= Gustaviana Schröder =

Gustaviana Schröder (1701 – 30 May 1763) was a Swedish court singer and member of the Kungliga Hovkapellet from 1740 to 1763. She was one of five women to have been official members of the Royal Orchestra in the Age of Liberty.

==Life==
Schröder was born in Stockholm by parents who immigrated from Germany before her birth. She was the sister of Sophia Schröder, who alongside Judith Fischer became the first female to be officially employed at the Royal orchestra in 1726. When Judith Fischer retired in 1740, she was given the vacant position in the orchestra, "in recognition of her dedication and skill in music which she had performed in many years for the chapel without compensation."

She was one of only five women to be officially inducted in the Royal Orchestra during the age of liberty, and one of three, alongside Judith Fischer and Sophia Schröder, to be given her salary from the funds of the royal orchestra, in contrast to Hedvig Witte and Cecilia Elisabeth Würzer, who were paid unofficially and from the king's private fund respectively.

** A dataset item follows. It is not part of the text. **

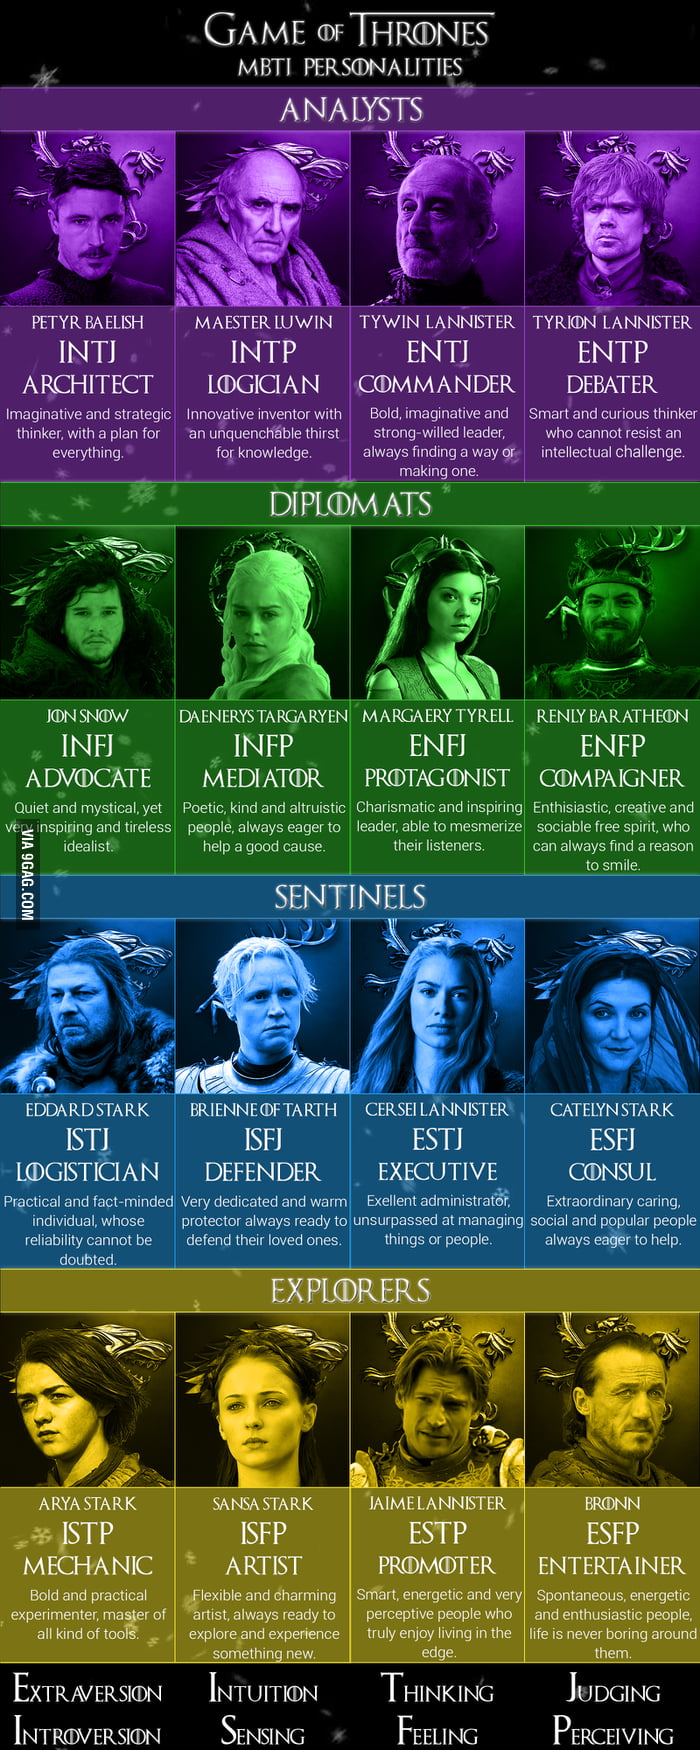 Game of thrones - MBTI personalities which character are you ? - 9GAG
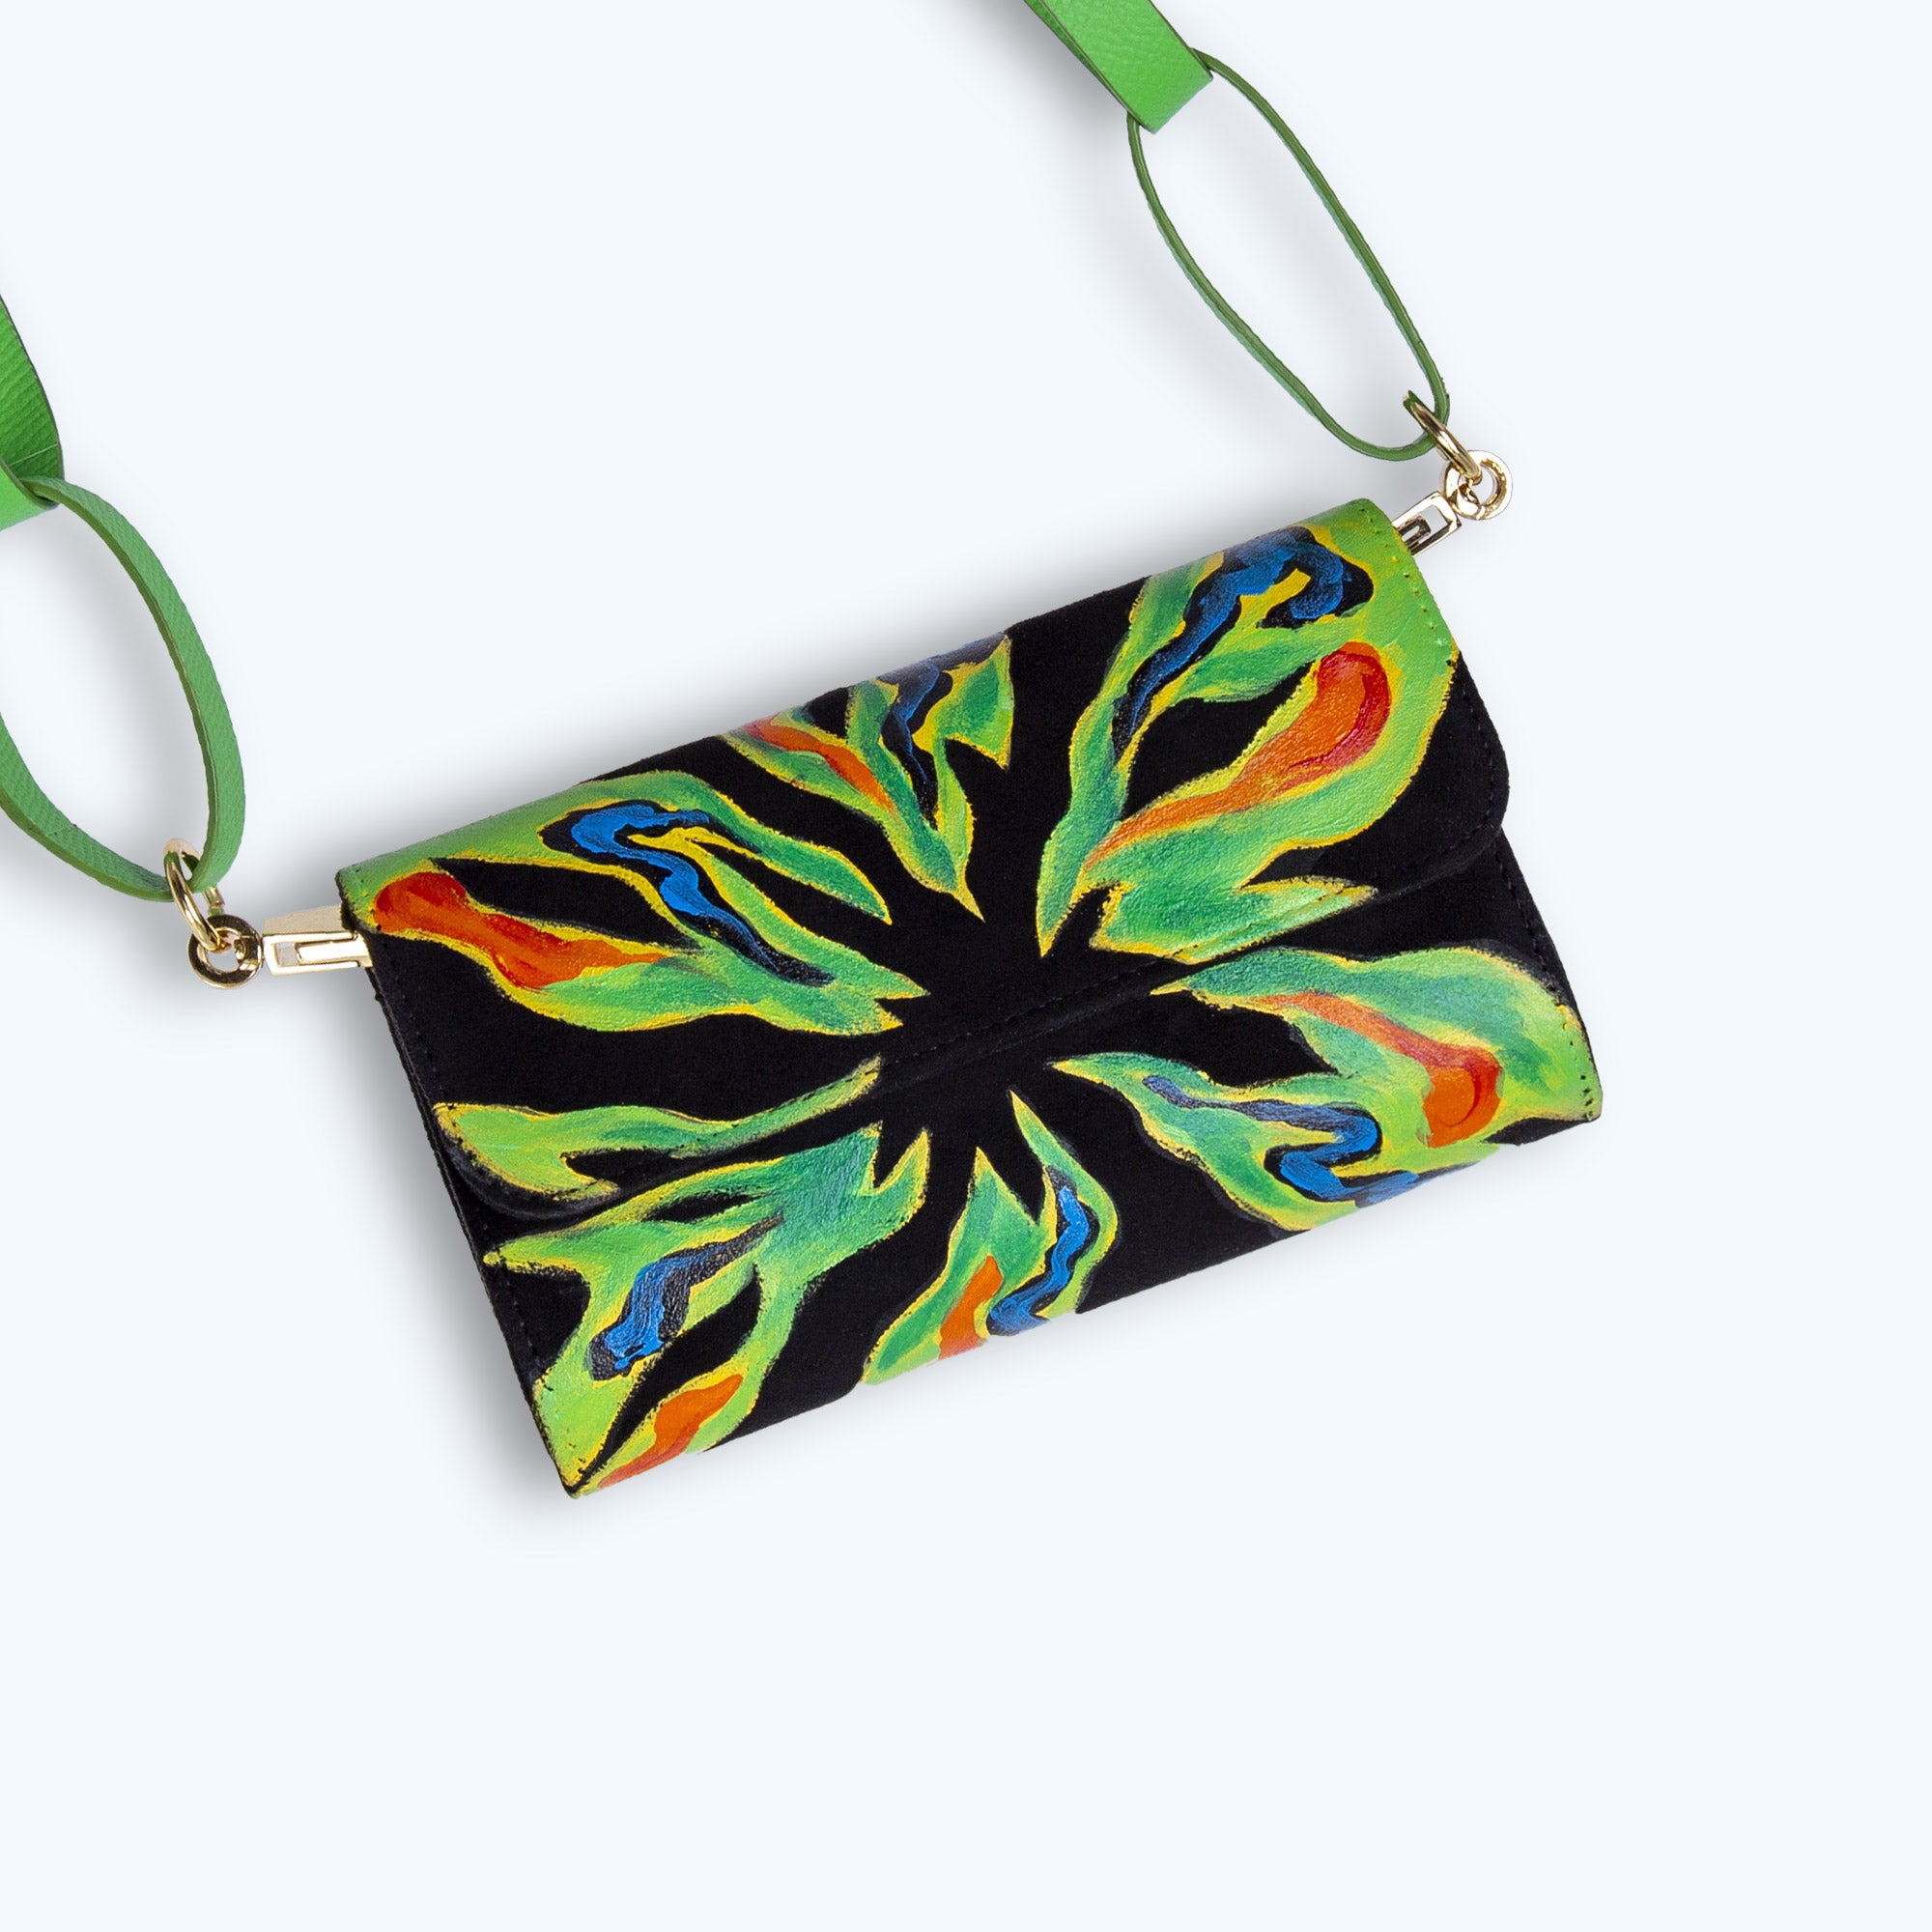 Leather Bag - Hand Painted - Hippie Daily Artisanals

Gustaviana Schröder remained unmarried and was employed at the chapel until her death. In 1746, the director of the royal orchestra, Carl Gustaf von Düben described her as "still the best voice in the Royal Orchestra". Among her performances were a duet with hovsångare Andreas Erhardt performed at the inauguration of the predecessor of the Drottningholm Palace Theatre in 1754.